▶ [Your assignment] Would you transcribe the entries below, beginning at the line with "740.011 cadre en" and ending after the line with "Hanging bridge at Abbi Falls", exactly, with no picture and nothing more?

▶ [Extracted entries]

————————

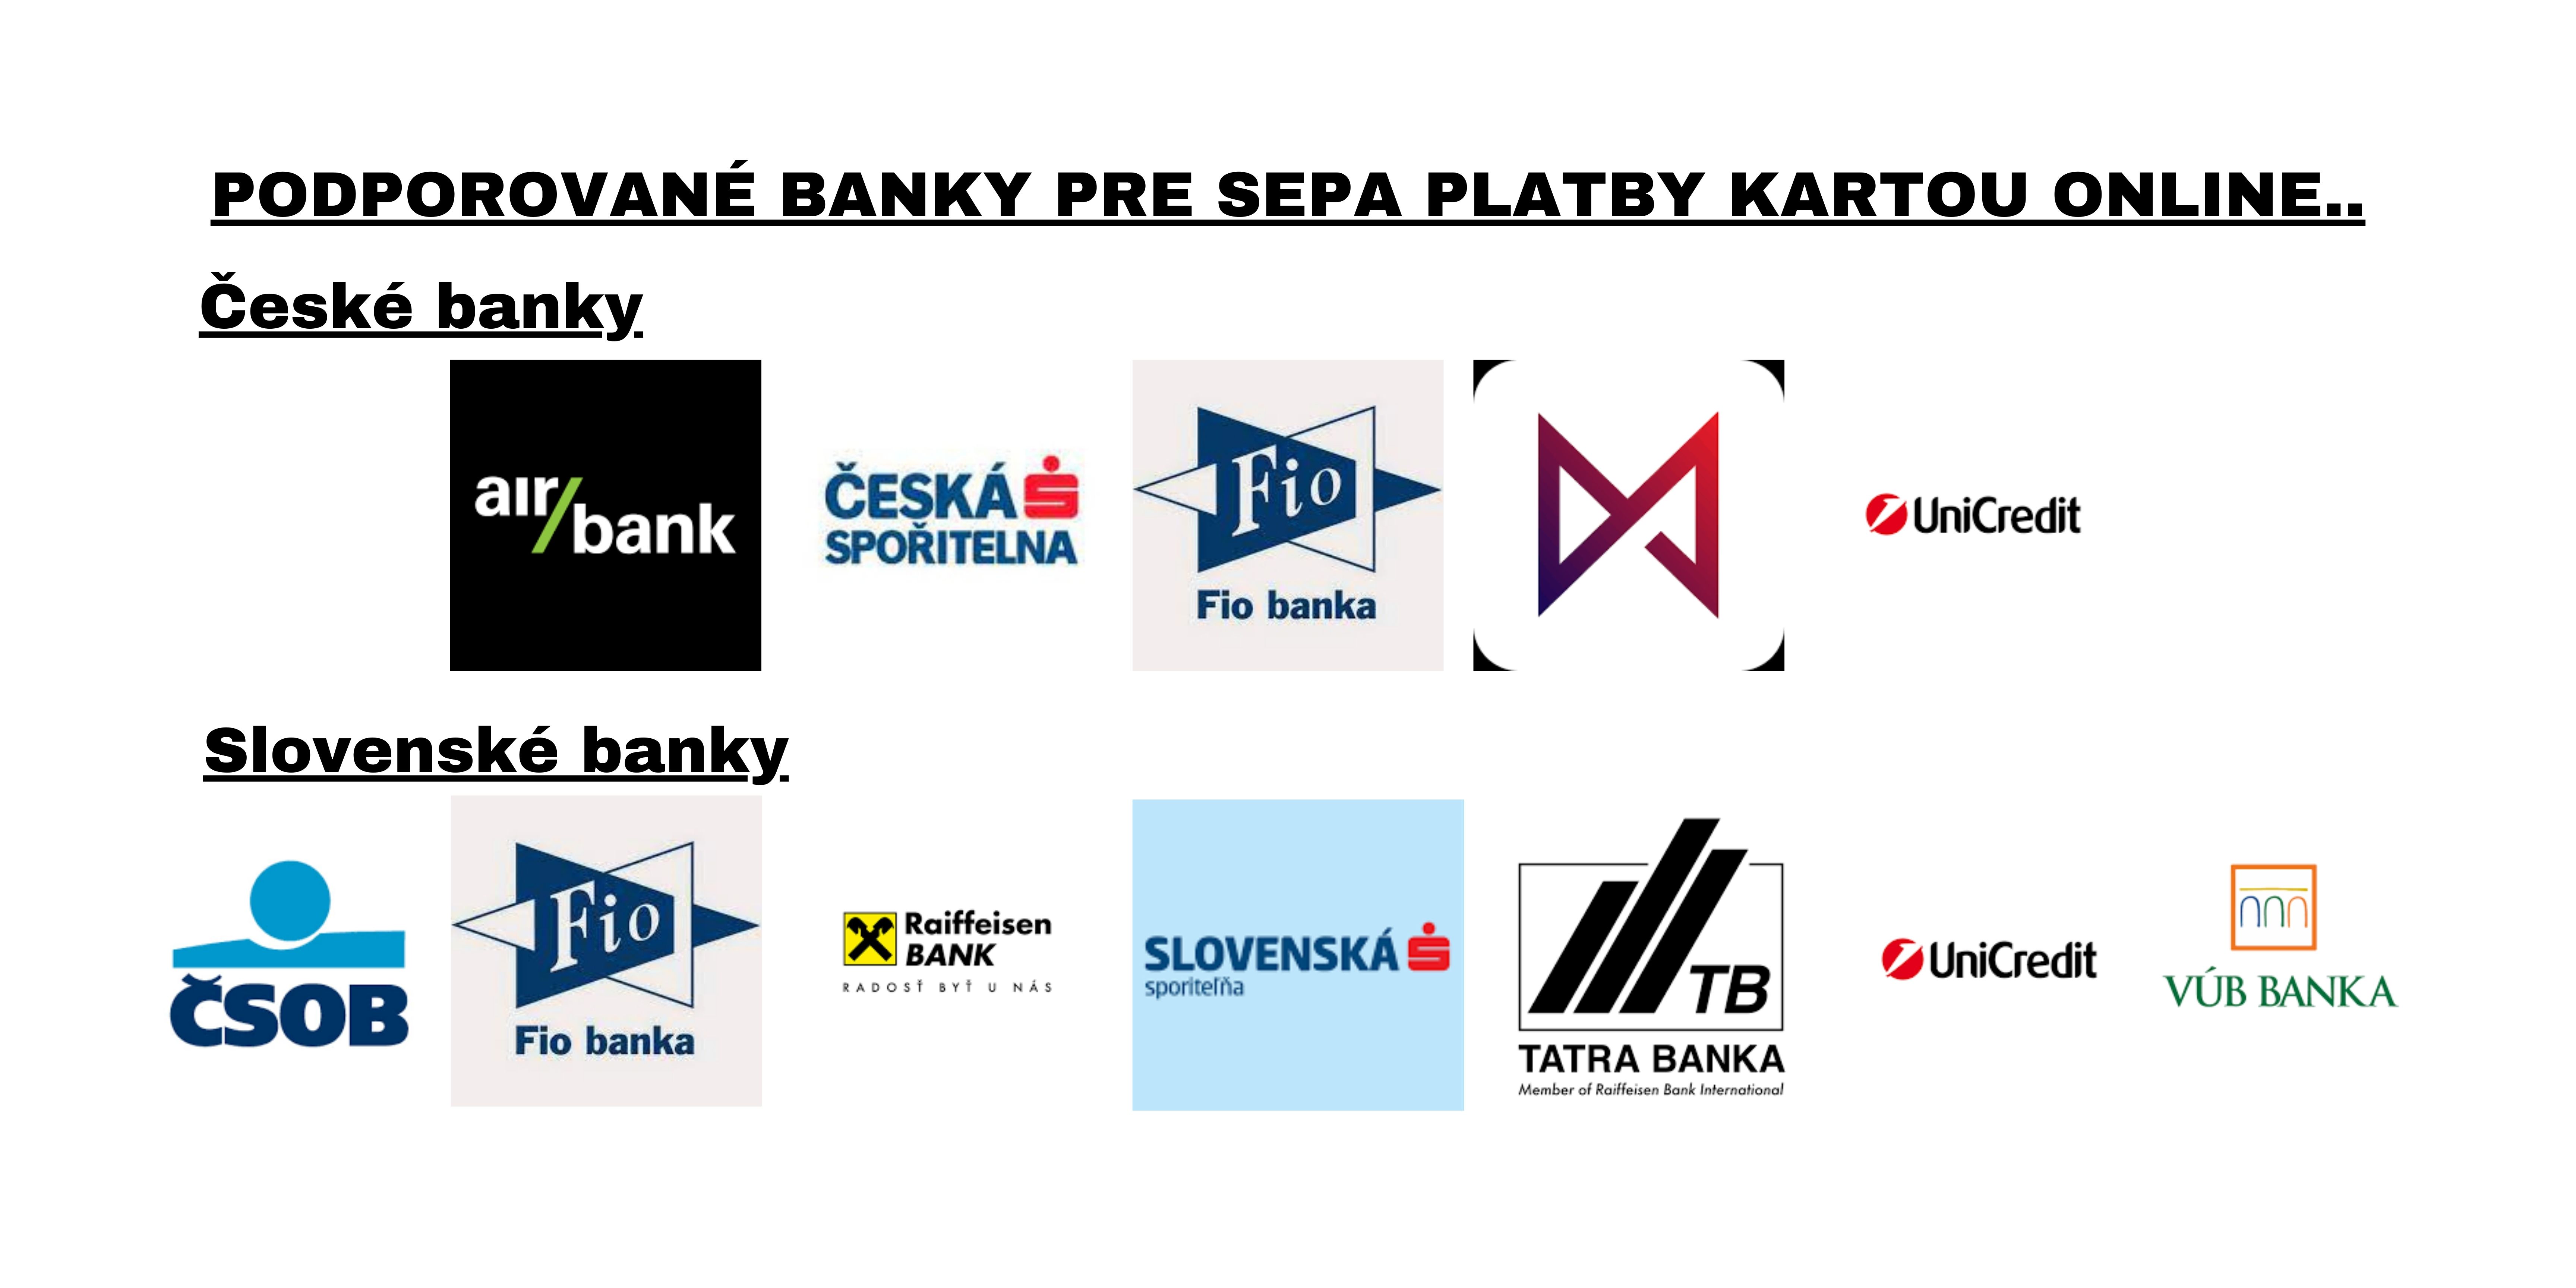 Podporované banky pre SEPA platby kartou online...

————————

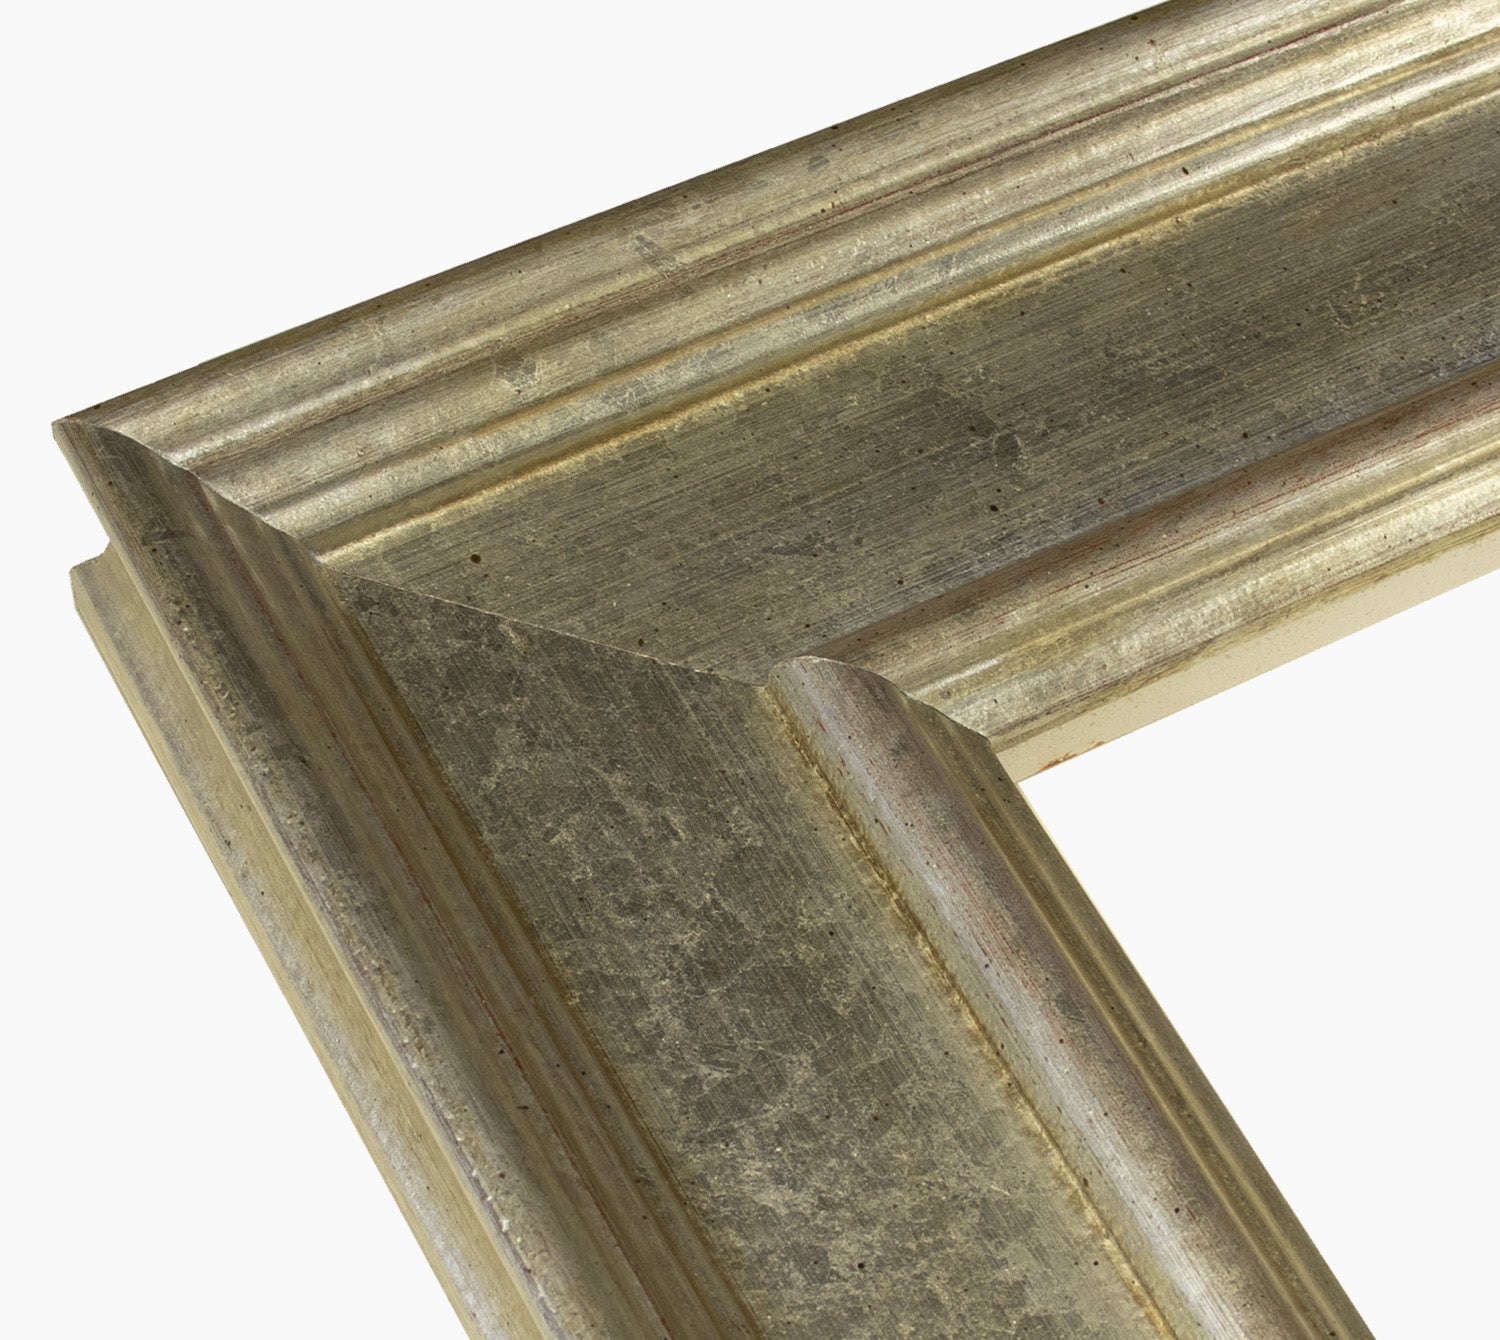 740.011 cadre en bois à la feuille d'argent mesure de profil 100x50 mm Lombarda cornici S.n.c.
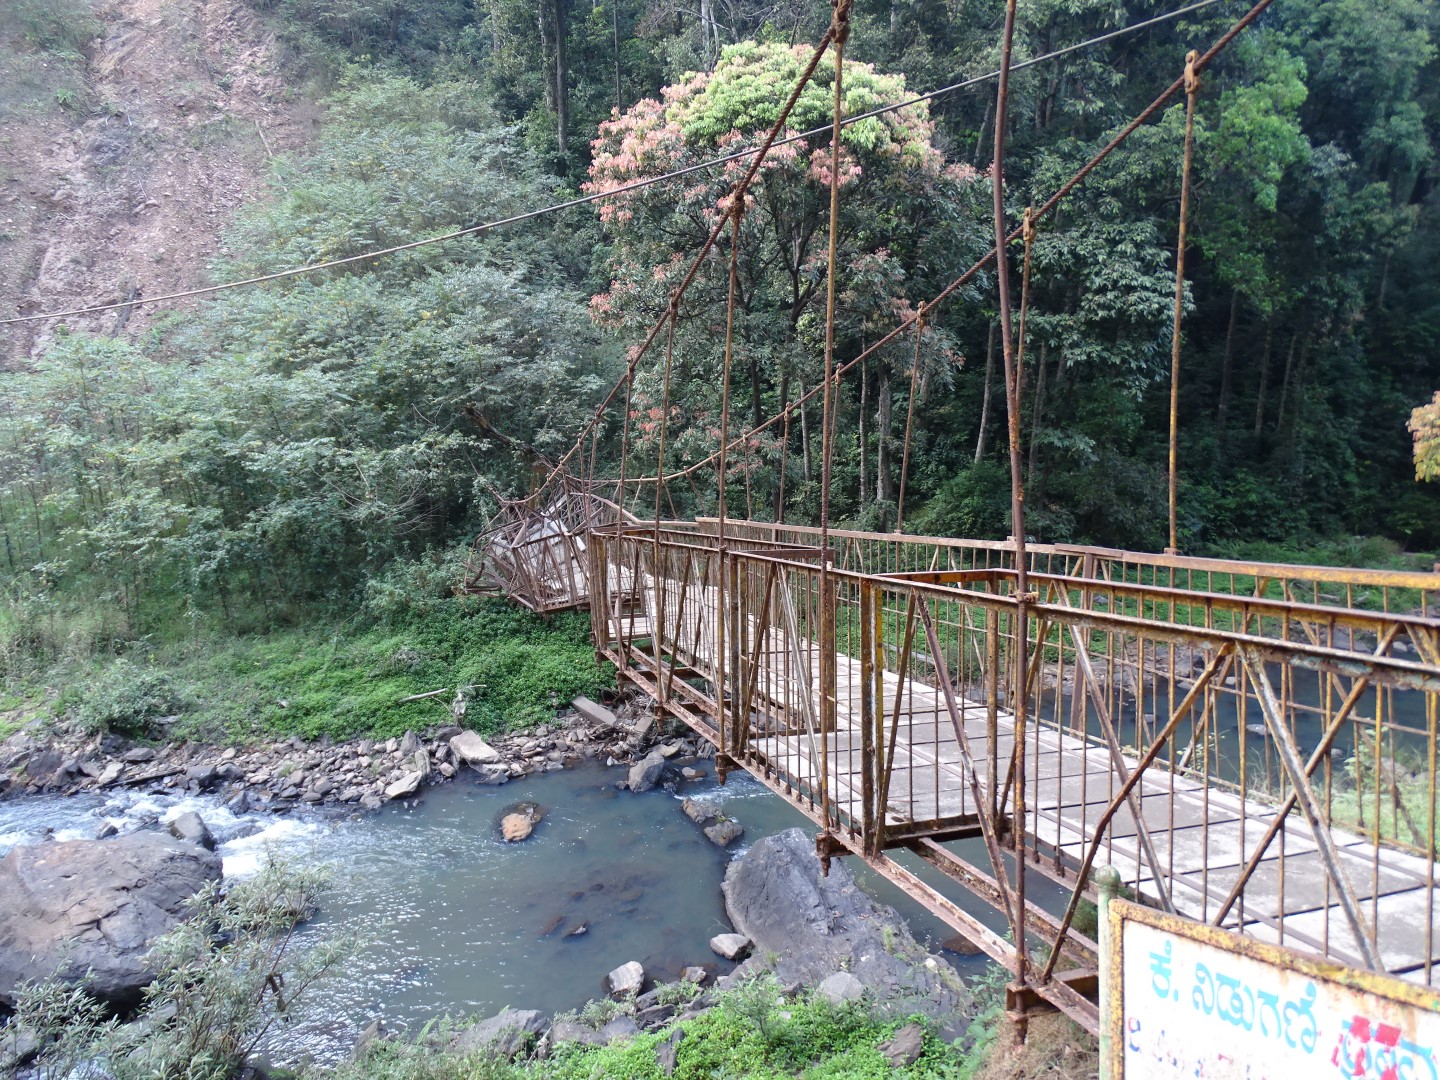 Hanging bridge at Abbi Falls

————————

▶ [Task answer]
 740.011 cadre en bois à la feuille d'argent mesure de profil 100x50 mm Lombarda cornici S.n.c.
 Hanging bridge at Abbi Falls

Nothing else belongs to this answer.